If you miss a few payments, generally between three and six, your credit card provider will send you a default notice, giving you at least 14 days to pay the amount stated on the notice. Court action could be used to recover the debt, and if you fail to make the payment, your account will be “defaulted”, meaning you won’t be able to use your credit card anymore. It is possible that your provider may have already blocked spending on your account after the first couple of missed payments. A record of the default will also stay on your credit report for six years, making it harder to get any form of credit throughout this time.
A Direct Debit is when you give a company permission to take payments automatically from your bank account. It decides the amount, but you are free to cancel the arrangement. For example, you can set up a Direct Debit to pay off your credit card. This could be for the minimum amount due, a fixed sum, or the entire balance. Read more about Direct Debits in our guide.
Minimum eligibility criteria define the attributes the provider expects customers to have before offering them a product. It's designed to help customers understand if they should proceed with an application.
Meeting the minimum eligibility criteria is not a guarantee of approval. Eligibility criteria include factors such as age, salary and sometimes other details, depending on the product.

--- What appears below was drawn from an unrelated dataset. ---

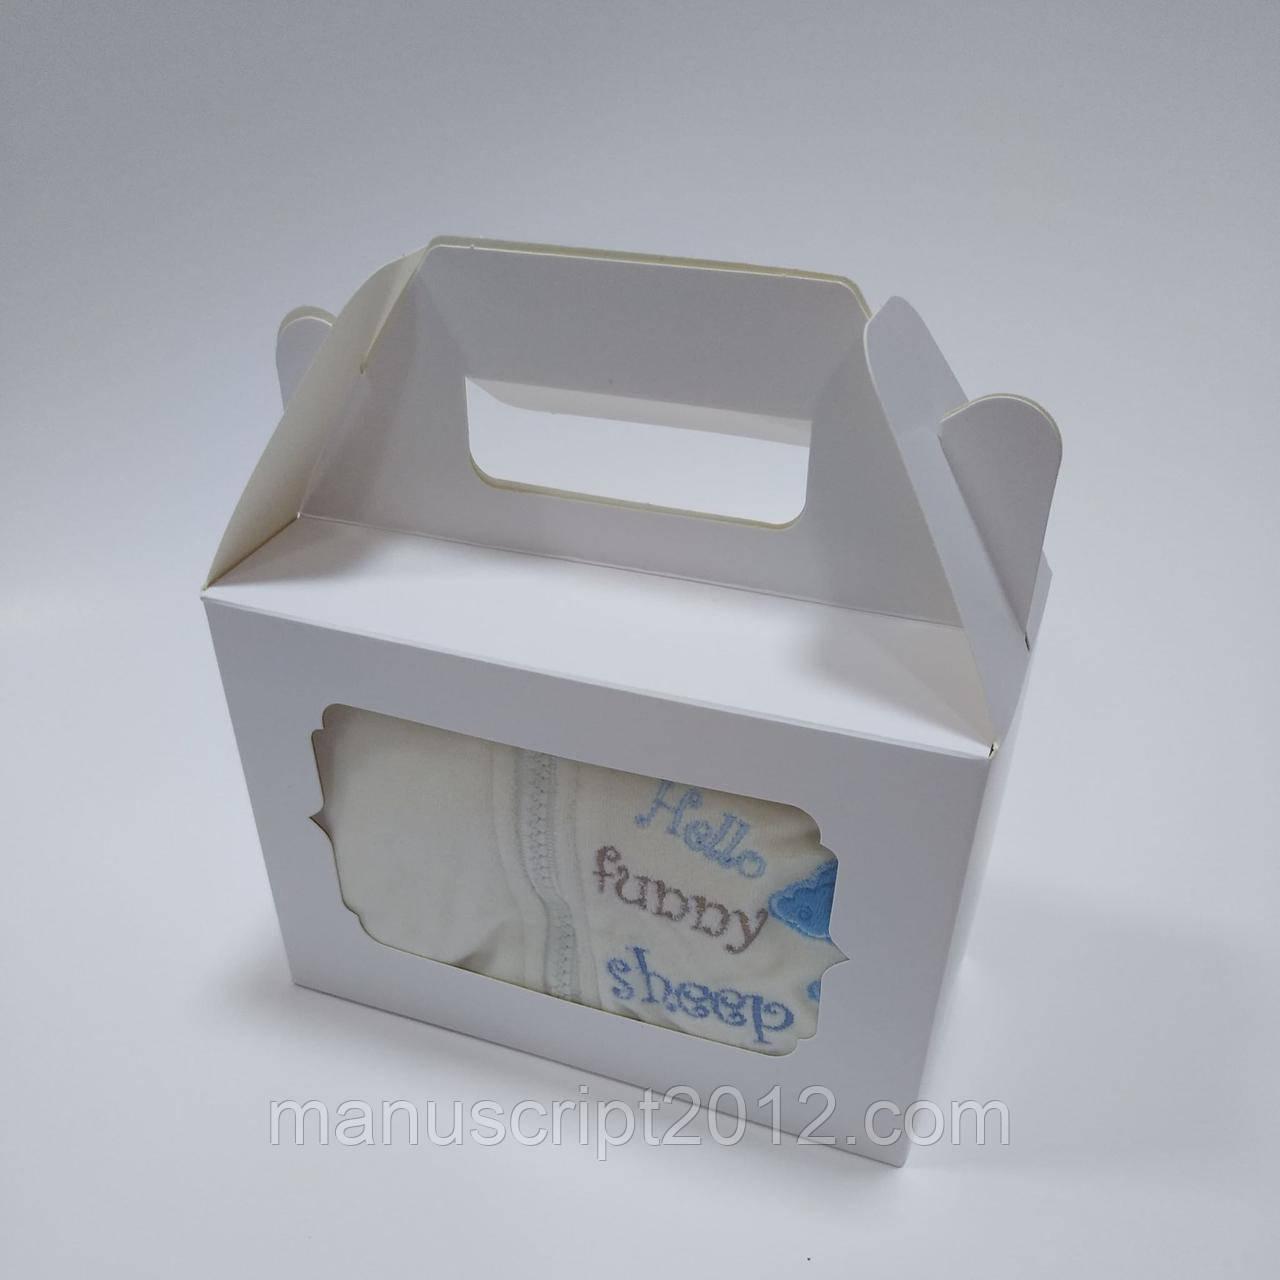 Коробка для подарков с фигурным окном белая 190х130х90 мм.
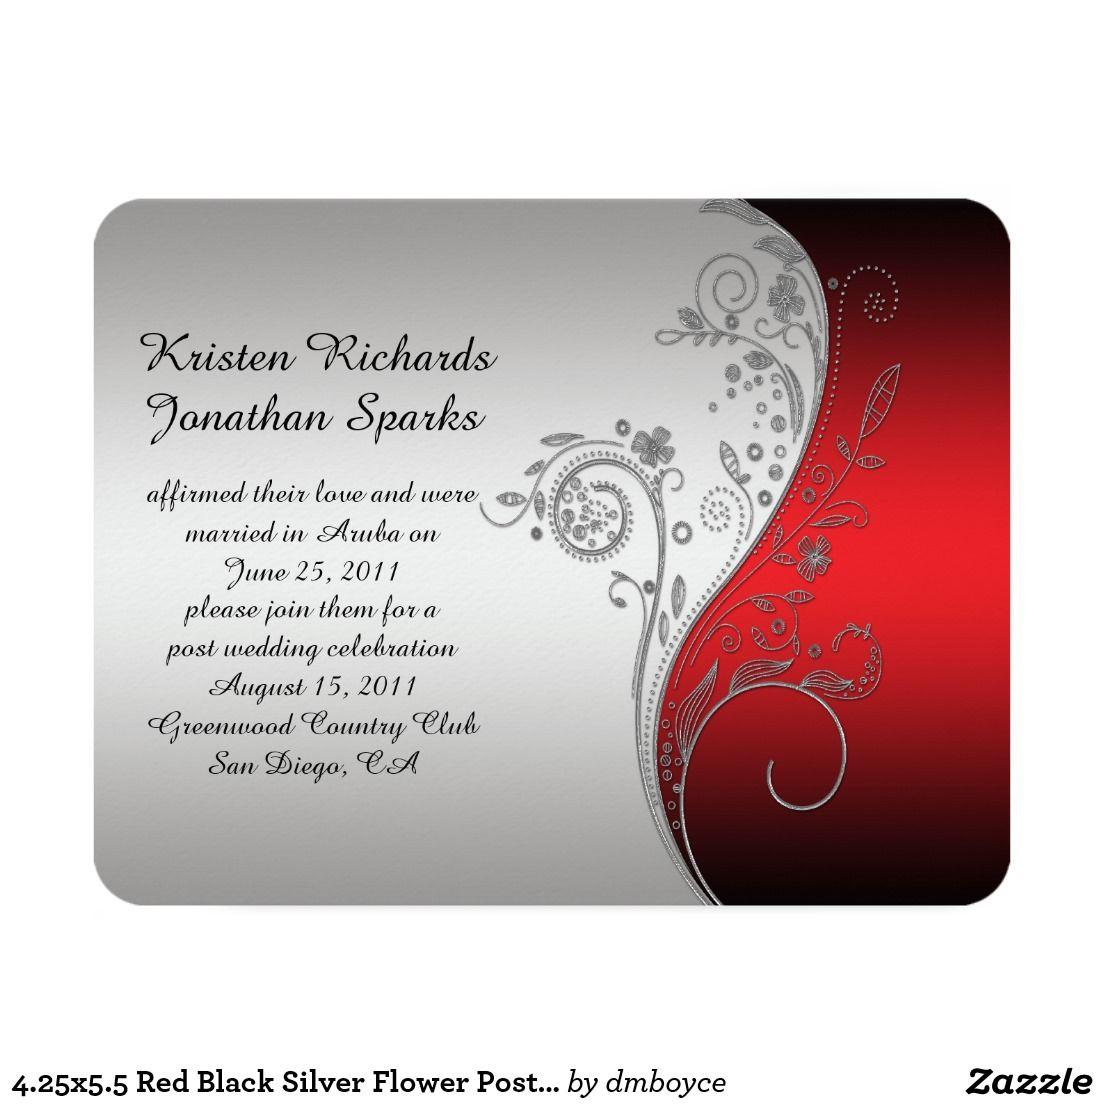 4.25x5.5 Red Black Silver Flower Post Wedding Invitation | Silver ...

Interest-free credit cards allow you to either transfer a balance, make purchases or transfer cash to a current account without paying any interest on your balance for a set period. However, you must keep making at least the minimum monthly repayment during this time.
Once the 0% deal is over, you will be charged interest on any remaining debt at your standard APR. With balance transfers and money transfers, you will usually have to pay a transfer fee.
Credit card introductory offers include bonus reward points, extra cashback, 0% on balance transfers or 0% on purchases.
Introductory offers are used to attract new customers, but once they expire, they revert to the standard offer or rate. When this happens, you should check if you’re still getting the best deal or whether you need to switch to a different credit card.
Every credit card has a minimum monthly repayment amount set out in its rules, which you can find in the summary box.
The minimum payment is calculated by working out what interest you've built up over the past month and then adding a small percentage of your total balance. If you have a small overall balance, there might be a fixed sum instead - for example, £5.
As minimum monthly repayments are set at such low levels, it’s best to pay off more than this each month if you can. You’ll clear your debt faster and pay less interest too.